ASSIGNMENT => Having located "Das Kind sitzt", write out its line and the remaining lines of the material exactly, the last one included, but not the pictures.

GIVEN MATERIAL =>

*** Begin section ***

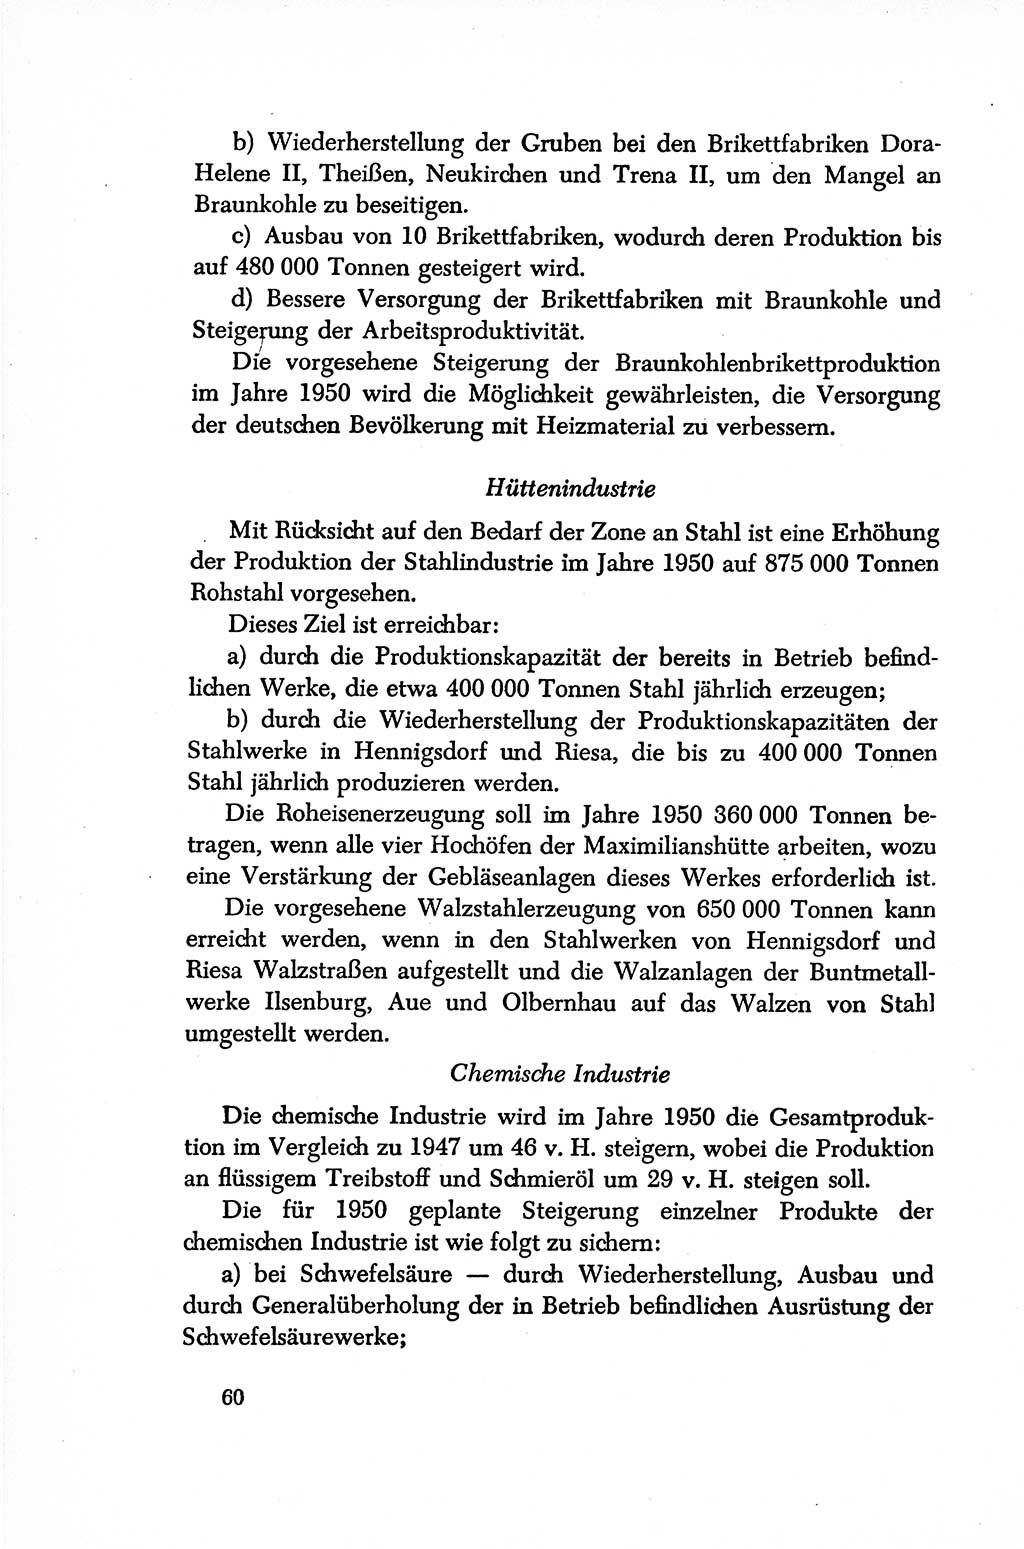 Dokumente der Sozialistischen Einheitspartei Deutschlands (SED) [Sowjetische Besatzungszone (SBZ) Deutschlands/Deutsche Demokratische Republik (DDR)] 1948-1950, Seite 60 (Dok. SED SBZ Dtl. DDR 1948-1950, S. 60)
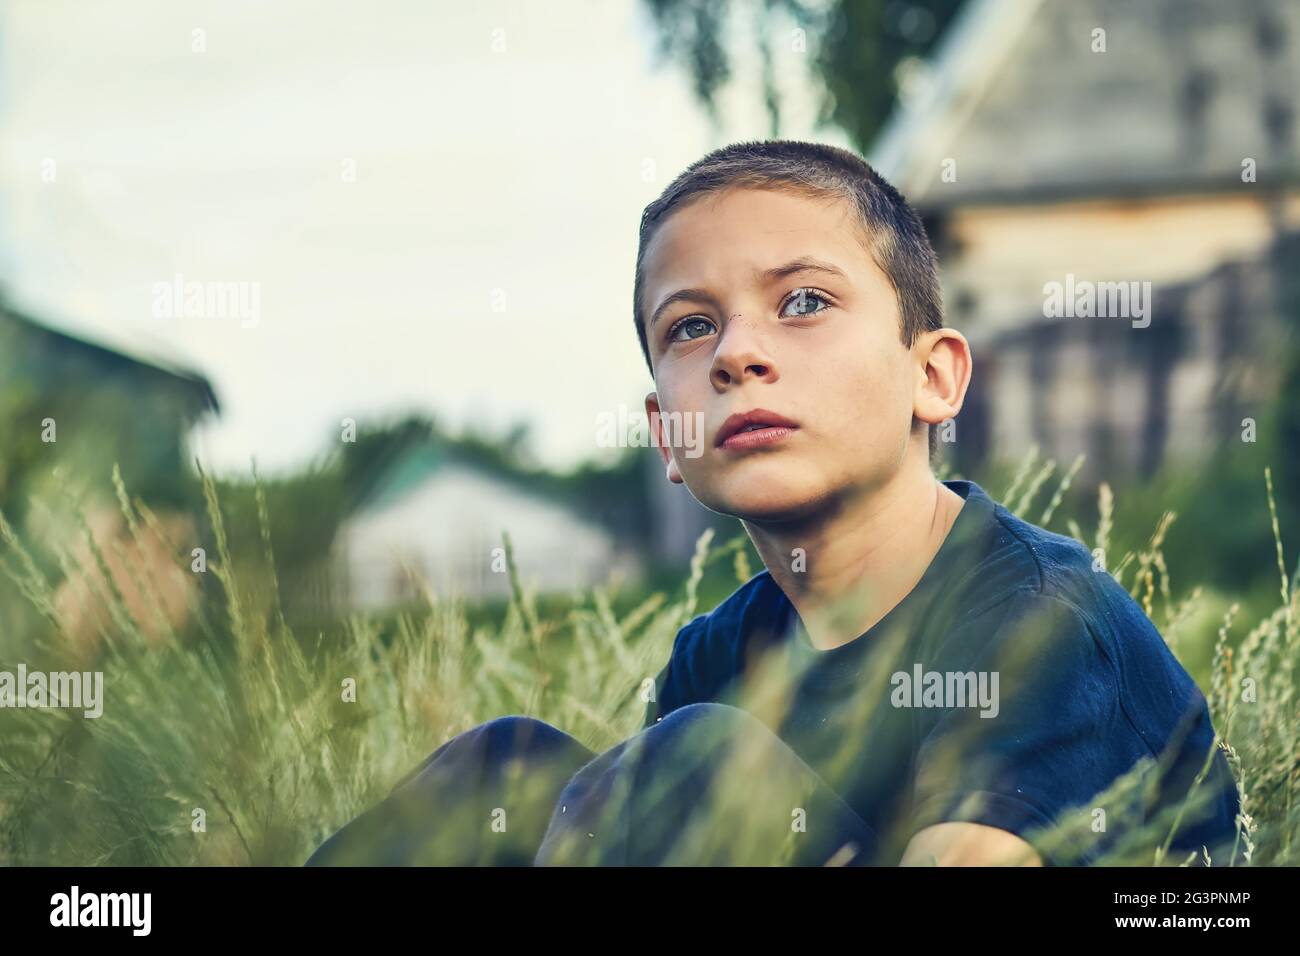 Das Kind sitzt im Gras im Freien und schaut ernsthaft in die Ferne. Stockfoto
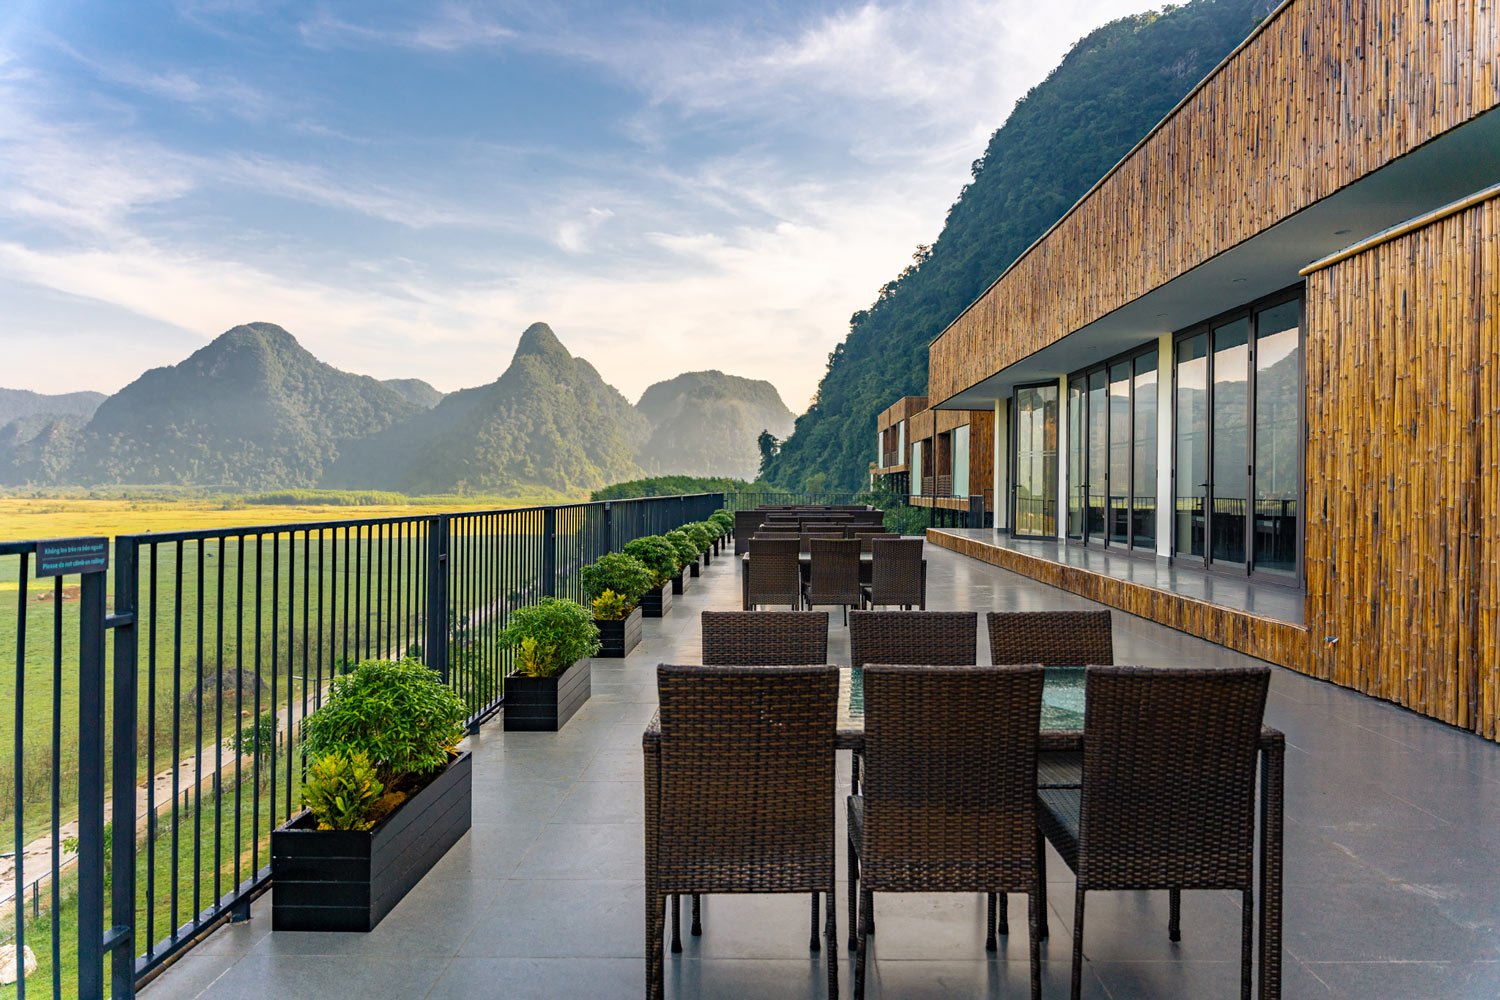 Nhà hàng Tú Làn Lodge - Từ nhà hàng, du khách có thể chiêm ngưỡng khung cảnh những cánh đồng trải dài và dãy núi hùng vĩ xa xa.

*** End section ***

OUTPUT OF THE TASK =>
 Das Kind sitzt im Gras im Freien und schaut ernsthaft in die Ferne. Stockfoto
 Nhà hàng Tú Làn Lodge - Từ nhà hàng, du khách có thể chiêm ngưỡng khung cảnh những cánh đồng trải dài và dãy núi hùng vĩ xa xa.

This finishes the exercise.